Дачный поселок Монтрамблан – это разбросанная группа домов, среди них – пара французских ресторанчиков, магазин товаров первой необходимости и маленькая гостиница с зеленым тентом спереди, которая выглядела довольно нелепо в этой местности, напоминая отели Монте-Карло, только поменьше размерами. Вокруг поселка нависли Квебекские горы Лаврентийского плоскогорья, покрытые буйной зеленью.

Мы с Молли заглянули позавтракать в эту гостиницу. В Монреаль мы прибыли из Парижа на самолетах разных коммерческих авиакомпаний: она прибыла в аэропорт Мирабель через Франкфурт и Брюссель, а я в Дорваль через Люксембург и Копенгаген.

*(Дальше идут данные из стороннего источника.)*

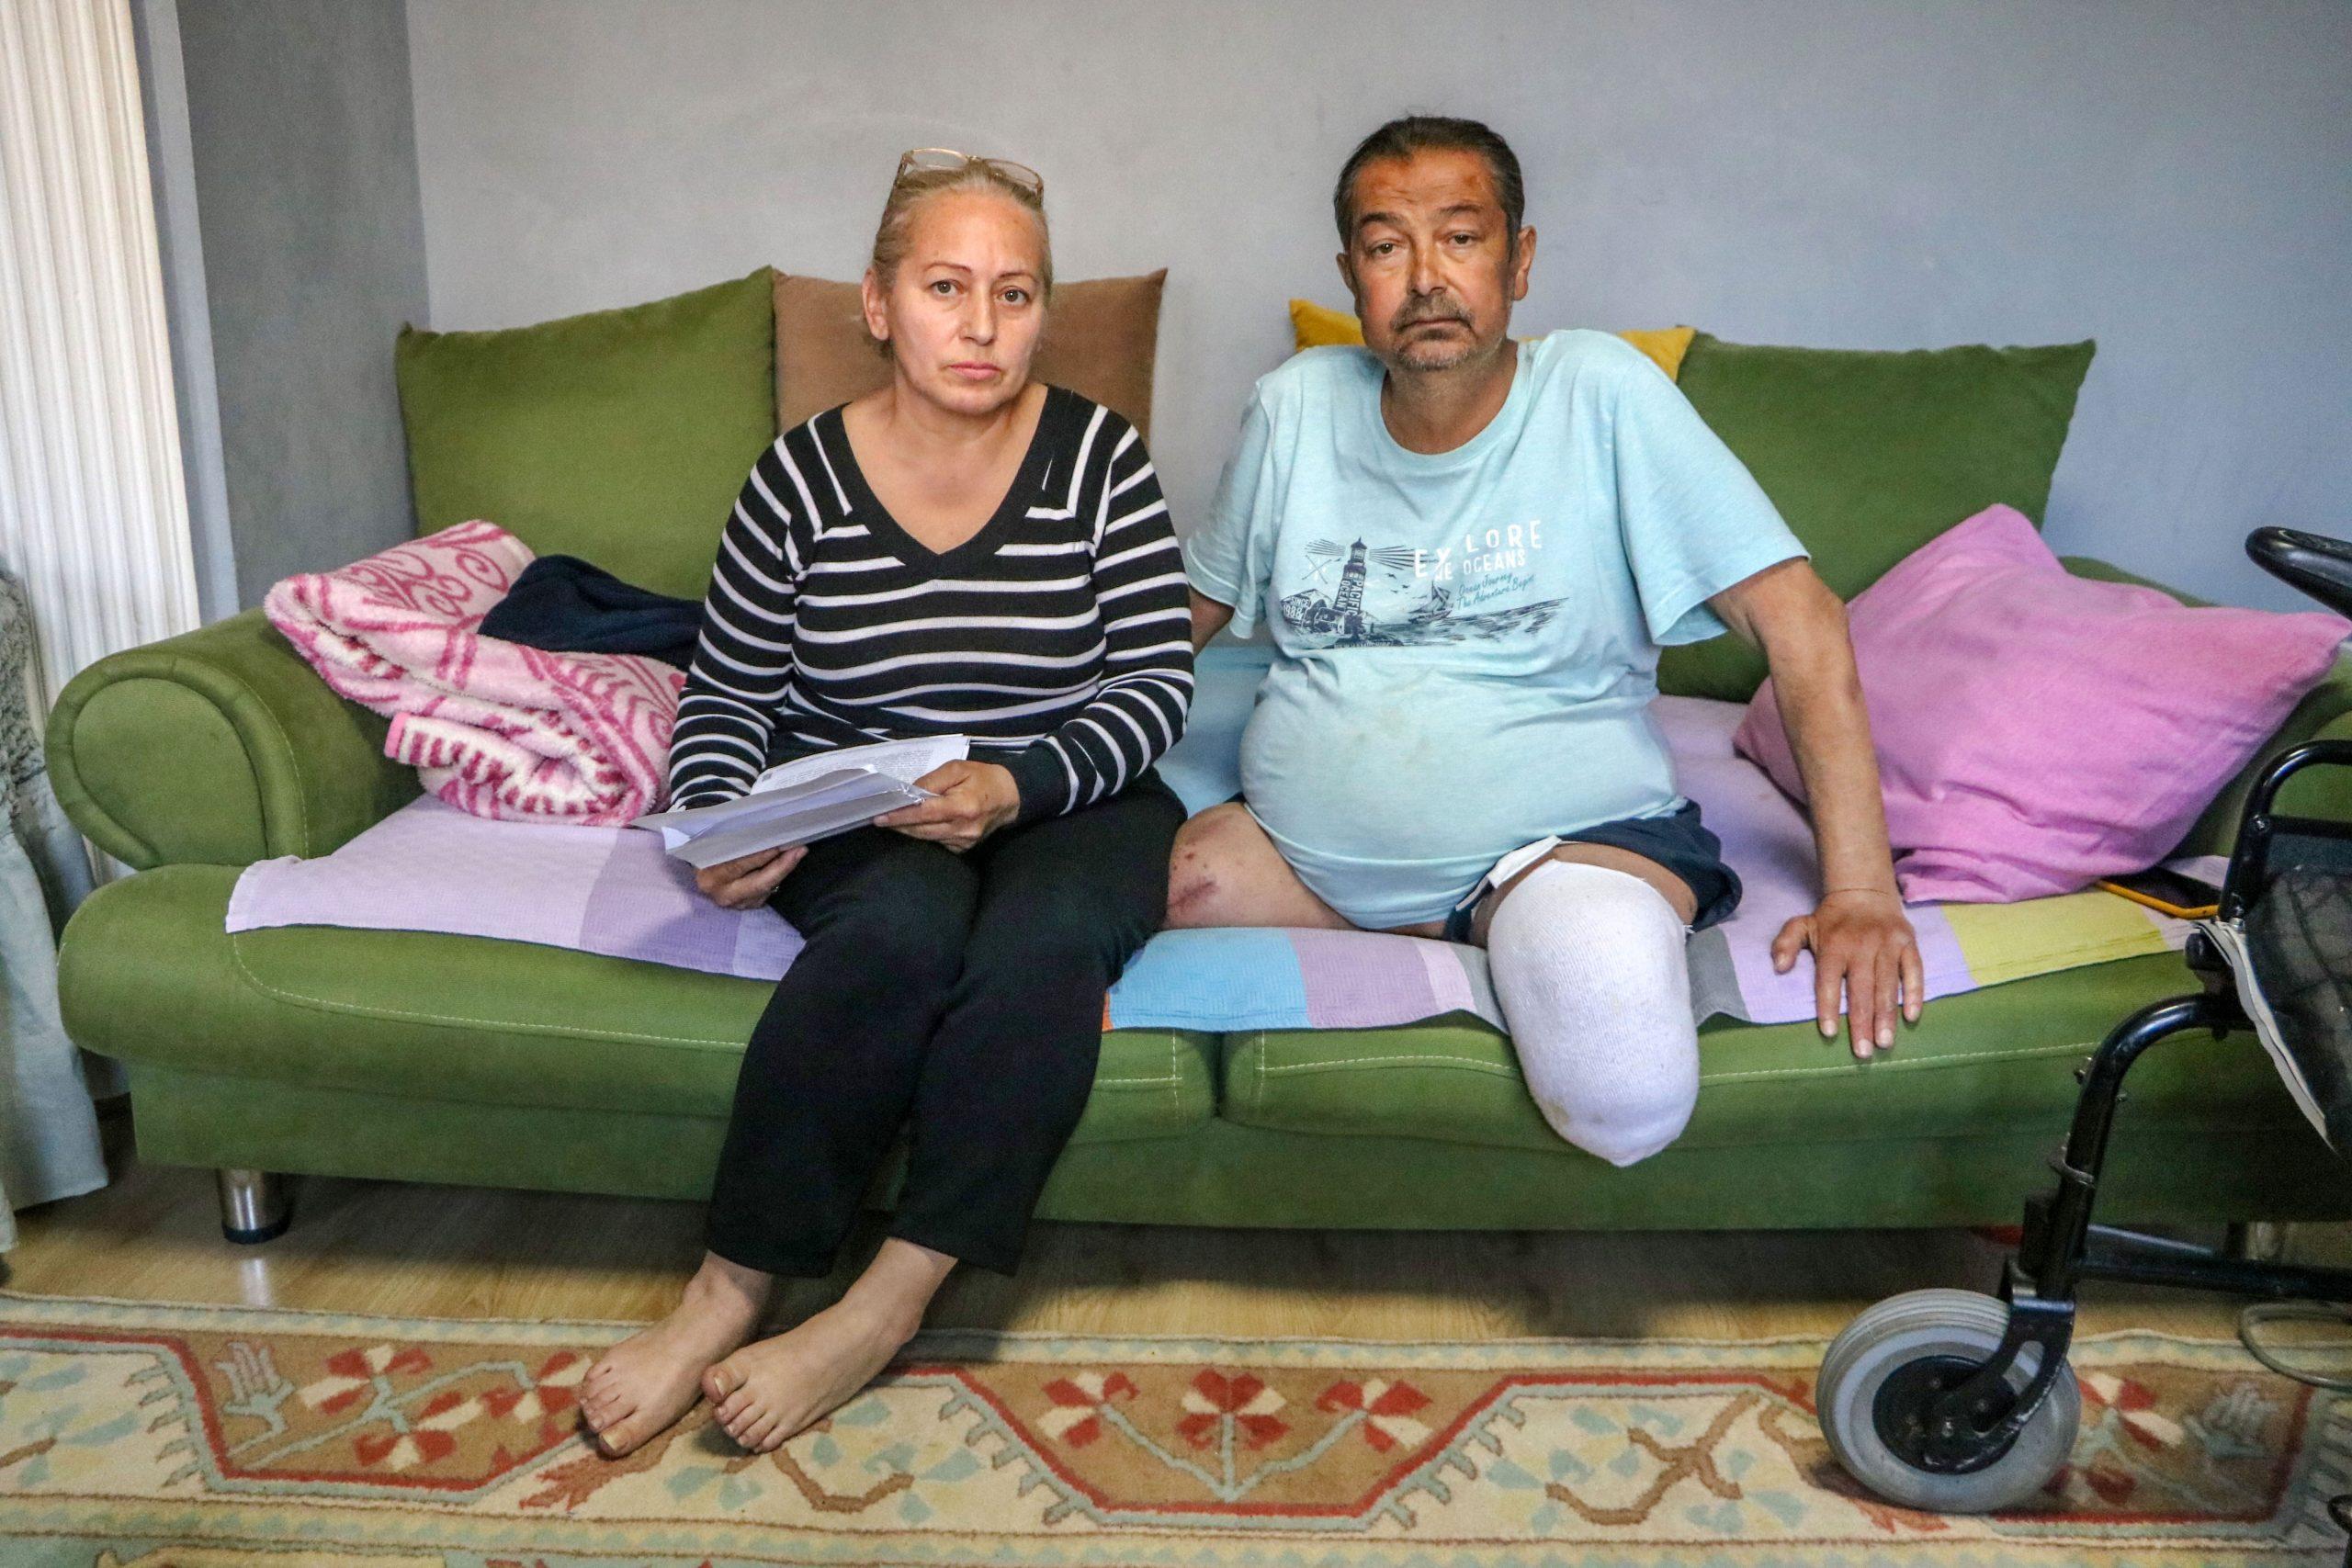 Engelli 20 Bin Lirayı Sahte Doktora Kaptırdı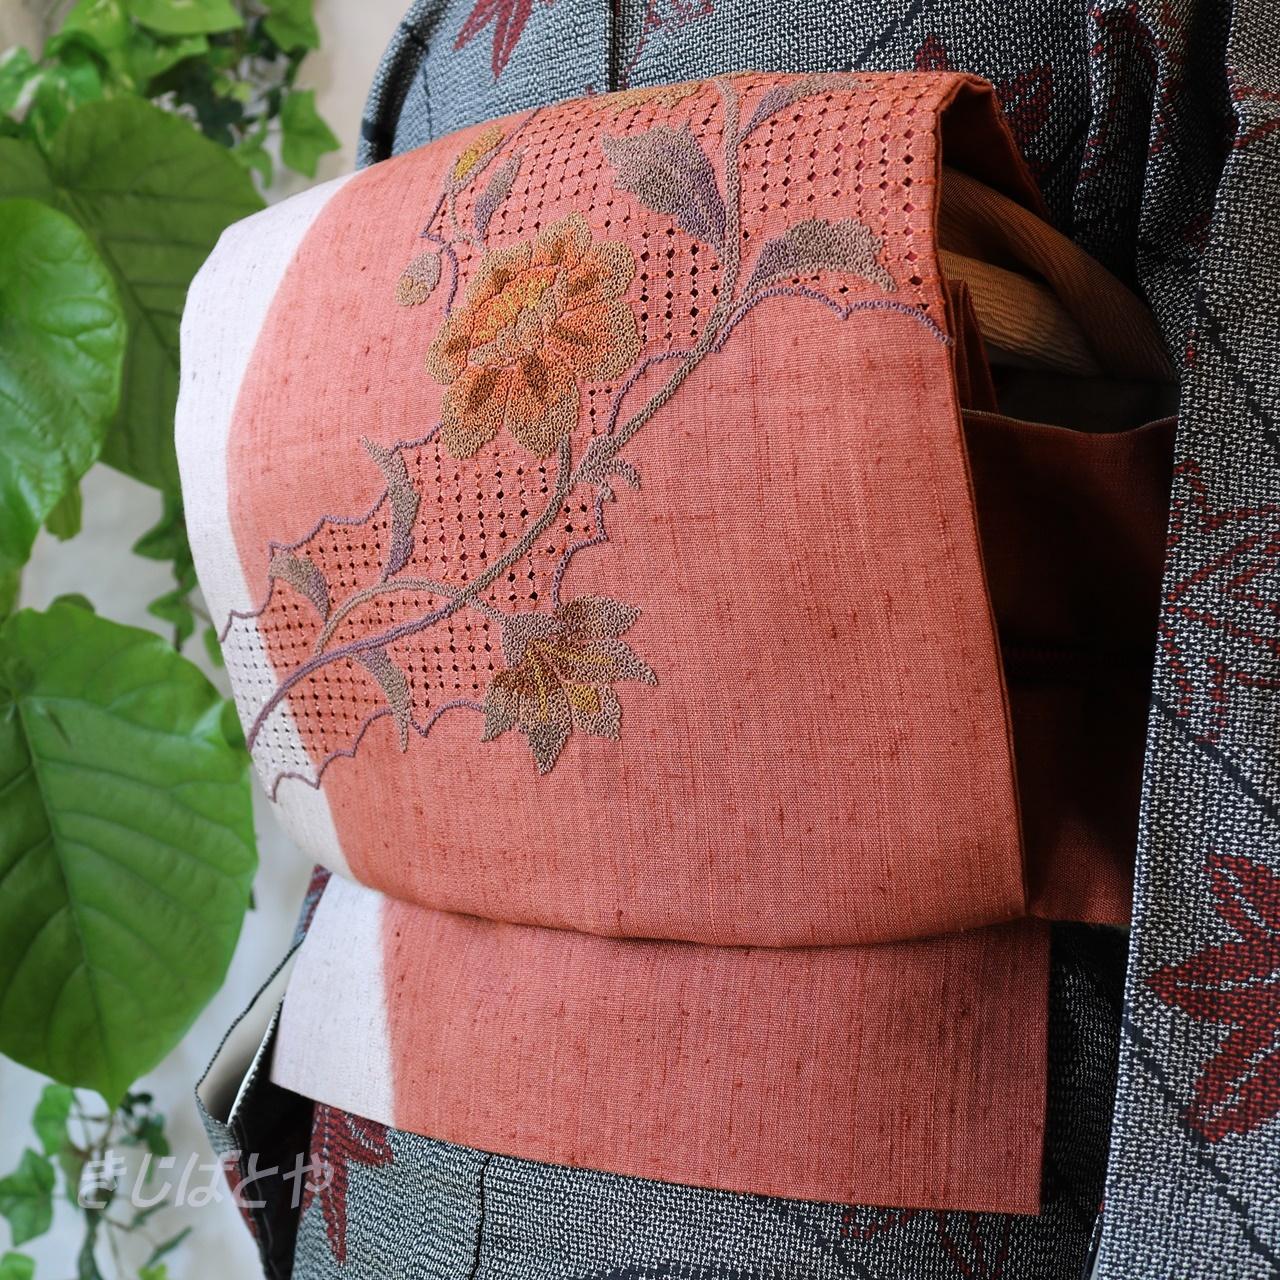 正絹紬 蘇芳と都鼠のなごや 相良刺繍とスワトウ

Чтобы затруднить возможную слежку за нами и застраховаться от нее, я предпринял несколько простейших приемов разведчика. У нас на руках были канадские паспорта, которыми снабдил меня давний французский знакомый. Это означало, что американские паспорта и документы, оформленные на имя мистера и миссис Джон Бревер, пока еще не применялись, и их можно использовать в любой момент в будущем в случае крайней необходимости. Вылетали мы из Парижа также из разных аэропортов: Молли из аэропорта Шарля де Голля, а я – из Орли. Самое важное – что летели мы с пересадками в первом классе на лайнерах разных европейских авиакомпаний – «Эйр Лингас», «Люфтганза», «Сабена» и «Эр Франс». В самолетах европейских авиакомпаний с пассажирами первого класса до сих пор обращаются, как с важными персонами, не в пример американским авиакомпаниям, которые таким пассажирам всего лишь выделяют кресла пошире и бесплатно поят всякими алкогольными напитками – вот, пожалуй, и все. В европейских самолетах ваше место в первом классе не будут занимать до самого последнего момента; если вы зарегистрировались, но не заняли еще своего места в самолете, с вами уже будут обращаться, как с важной персоной. При каждой пересадке на нашем маршруте мы занимали свои места в авиалайнере в самый последний момент, для нас это было особенно важно, так как к нашим фальшивым паспортам никто не приглядывался, их только бегло просматривали и без звука пропускали нас на посадку в самолет. Хотя мы и избрали кружные маршруты и летели разными самолетами, приземлились удивительным образом с разницей всего в два с половиной часа.